# Activity:
Drop the pictures and extract exactly the lines from the one that contains "Parques Nacionales Naturales" through the end of the material.

# Exercise data:
· · · · ·

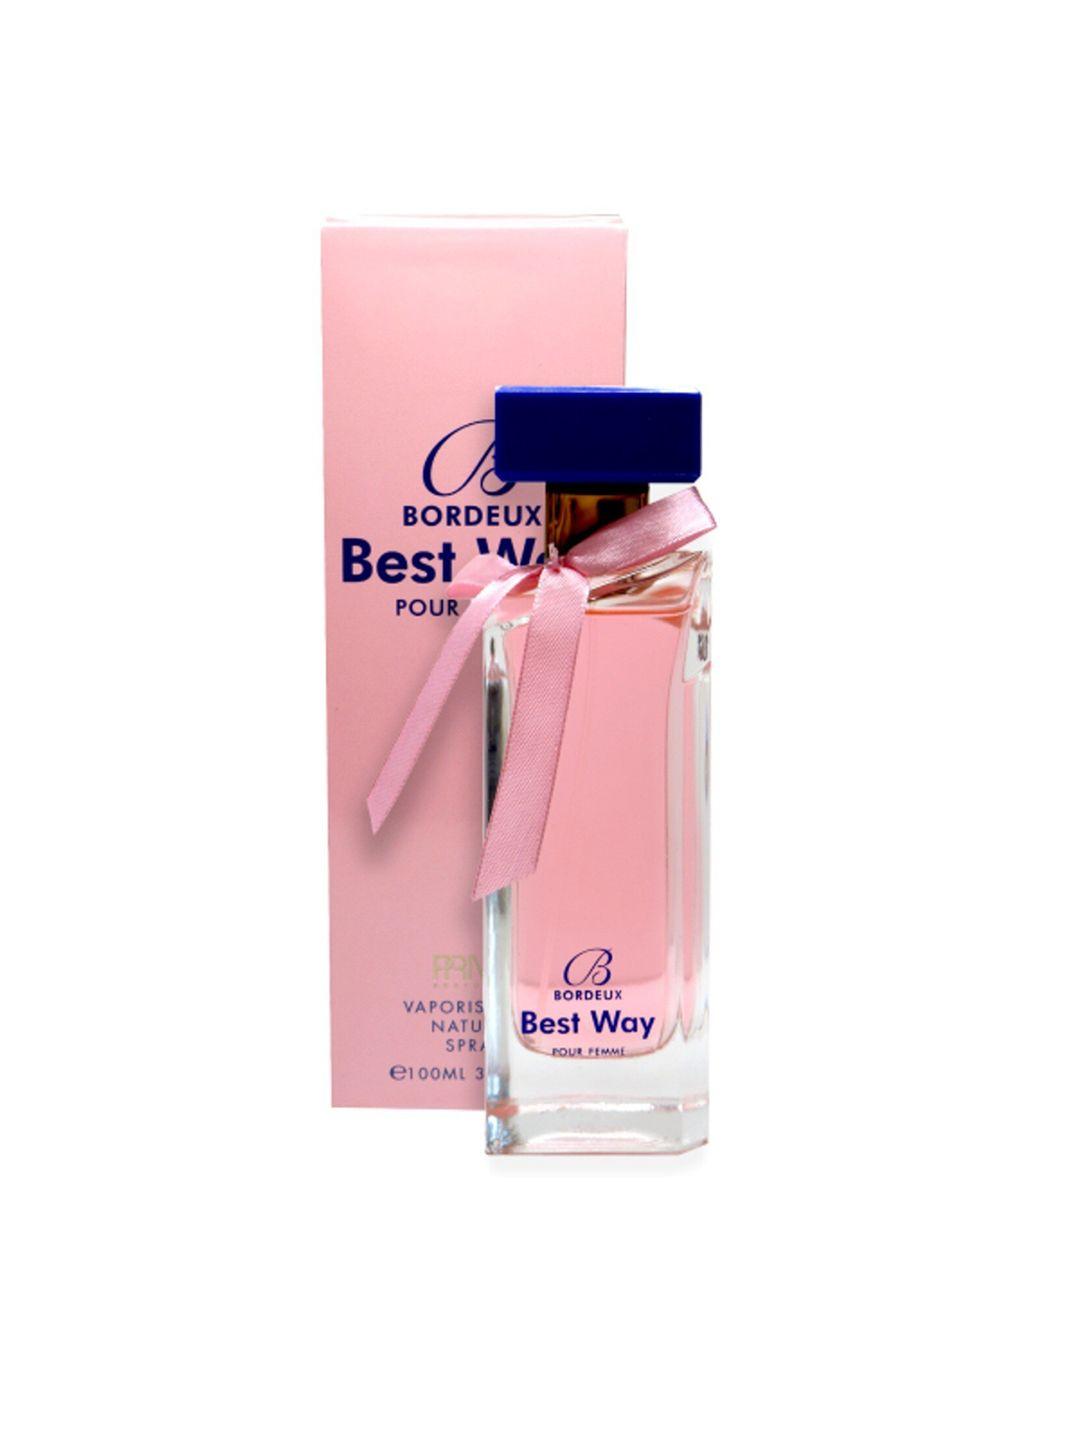 emper-women-prive-bordeux-best-way-eau-de-parfum-100-ml
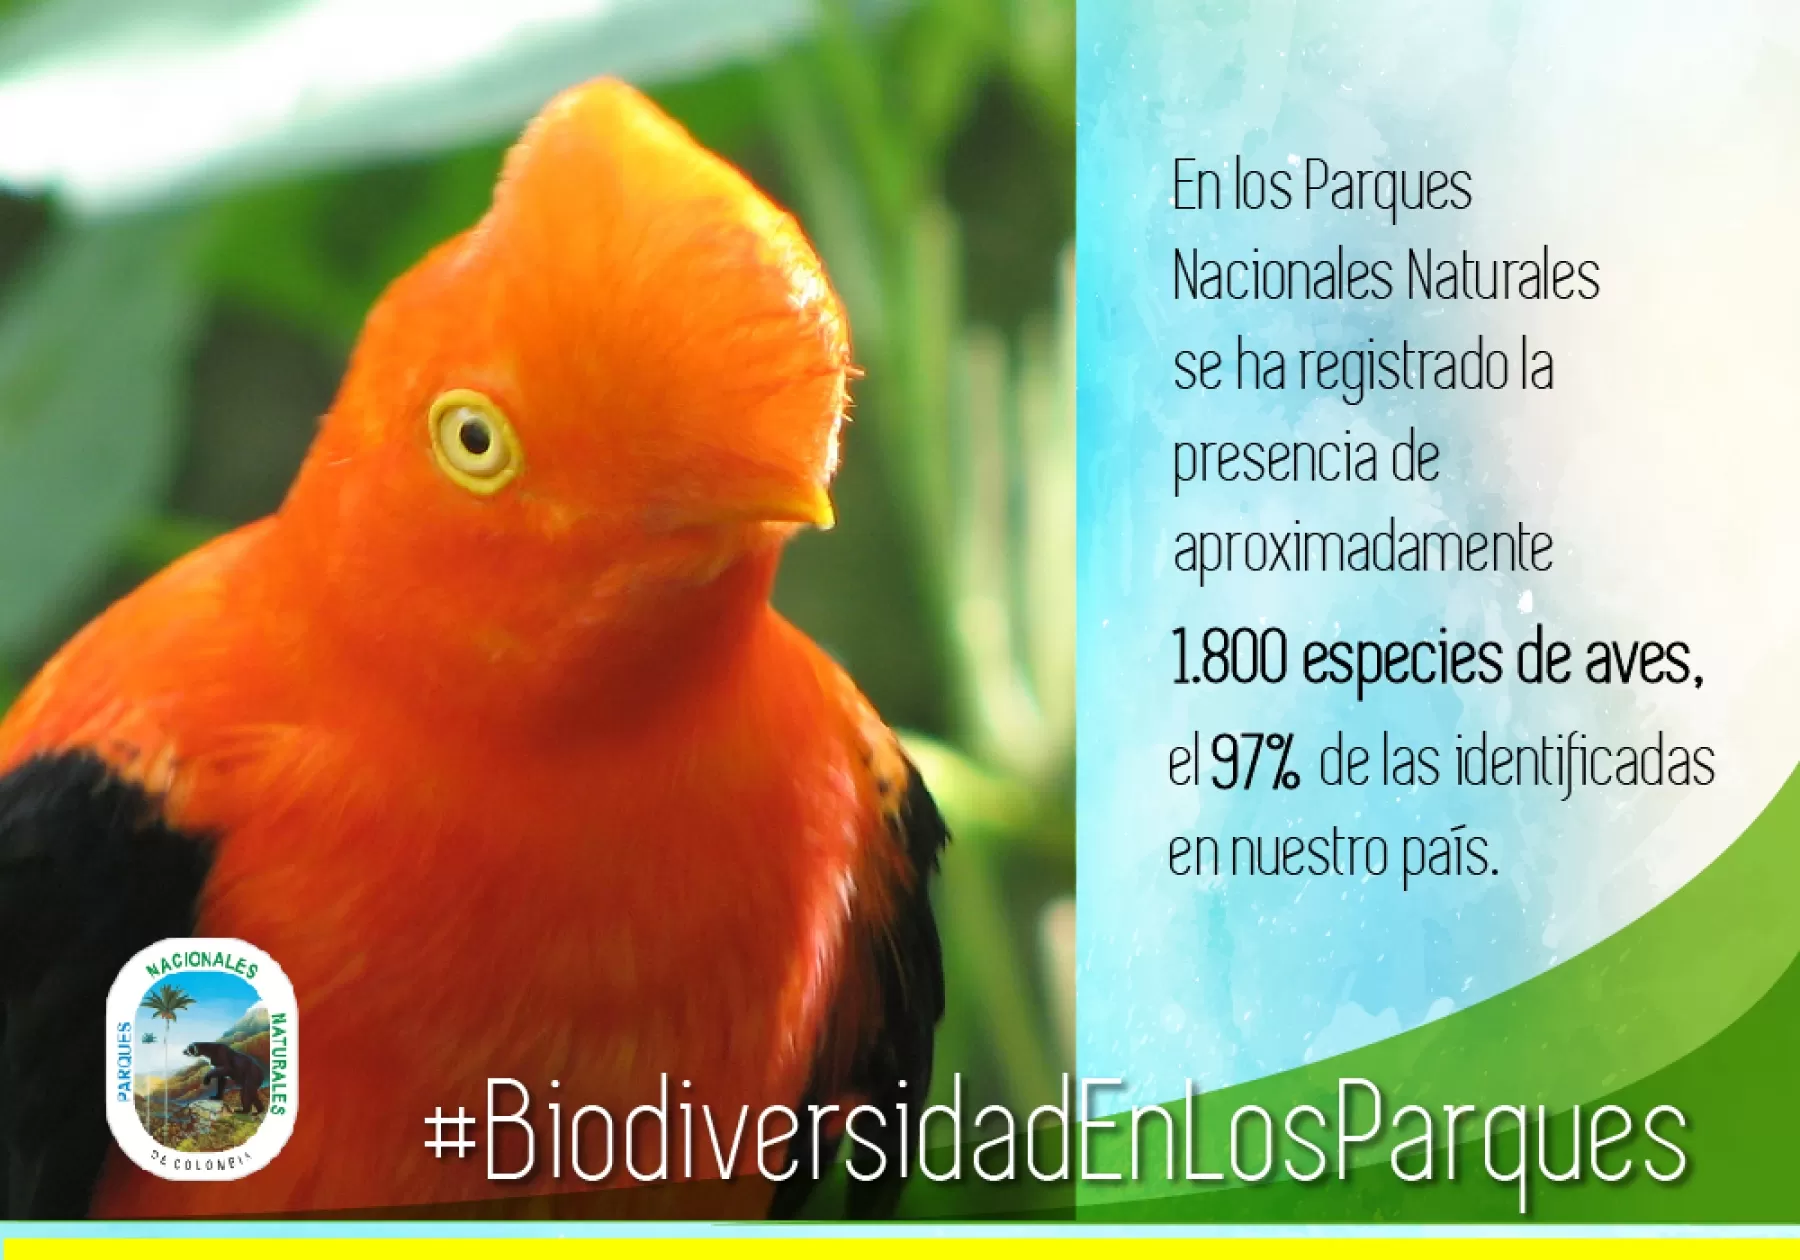 Parques Nacionales Naturales de Colombia rinde un homenaje a las especies silvestres existentes en nuestro país, con el fin de que los colombianos reflexionen sobre la importancia de cuidar y preservar la fauna y flora.
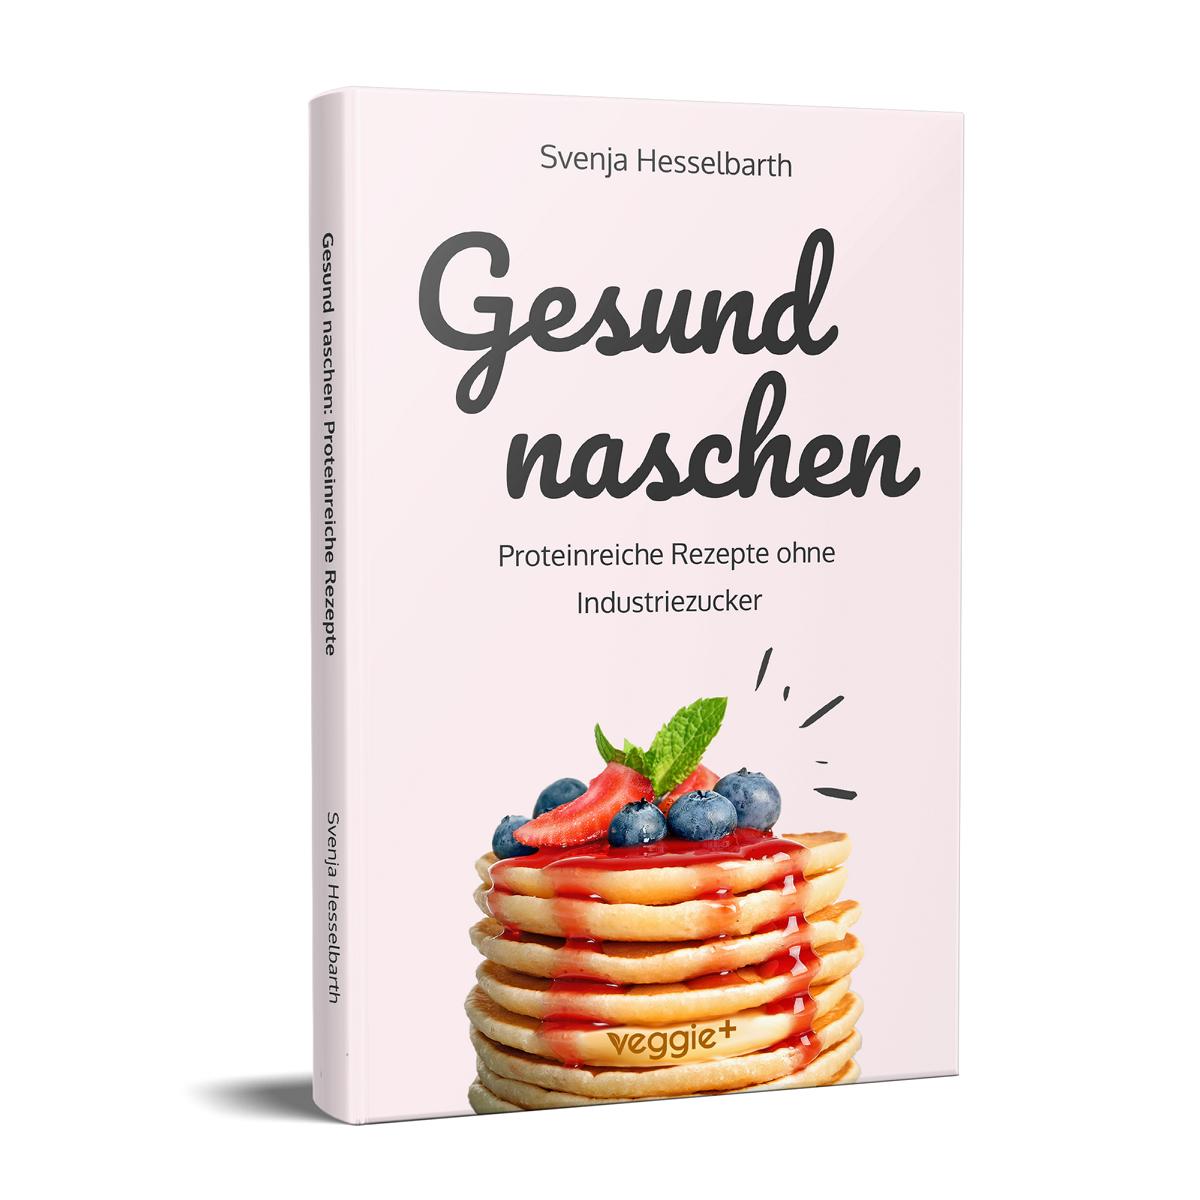 Gesund naschen: Proteinreiche und zuckerfreie Rezepte für gesunde Naschereien von Svenja Hesselbarth im veggie + Verlag

· · · · ·

# Response for this exercise:
 Parques Nacionales Naturales de Colombia rinde un homenaje a las especies silvestres existentes en nuestro país, con el fin de que los colombianos reflexionen sobre la importancia de cuidar y preservar la fauna y flora.
 Gesund naschen: Proteinreiche und zuckerfreie Rezepte für gesunde Naschereien von Svenja Hesselbarth im veggie + Verlag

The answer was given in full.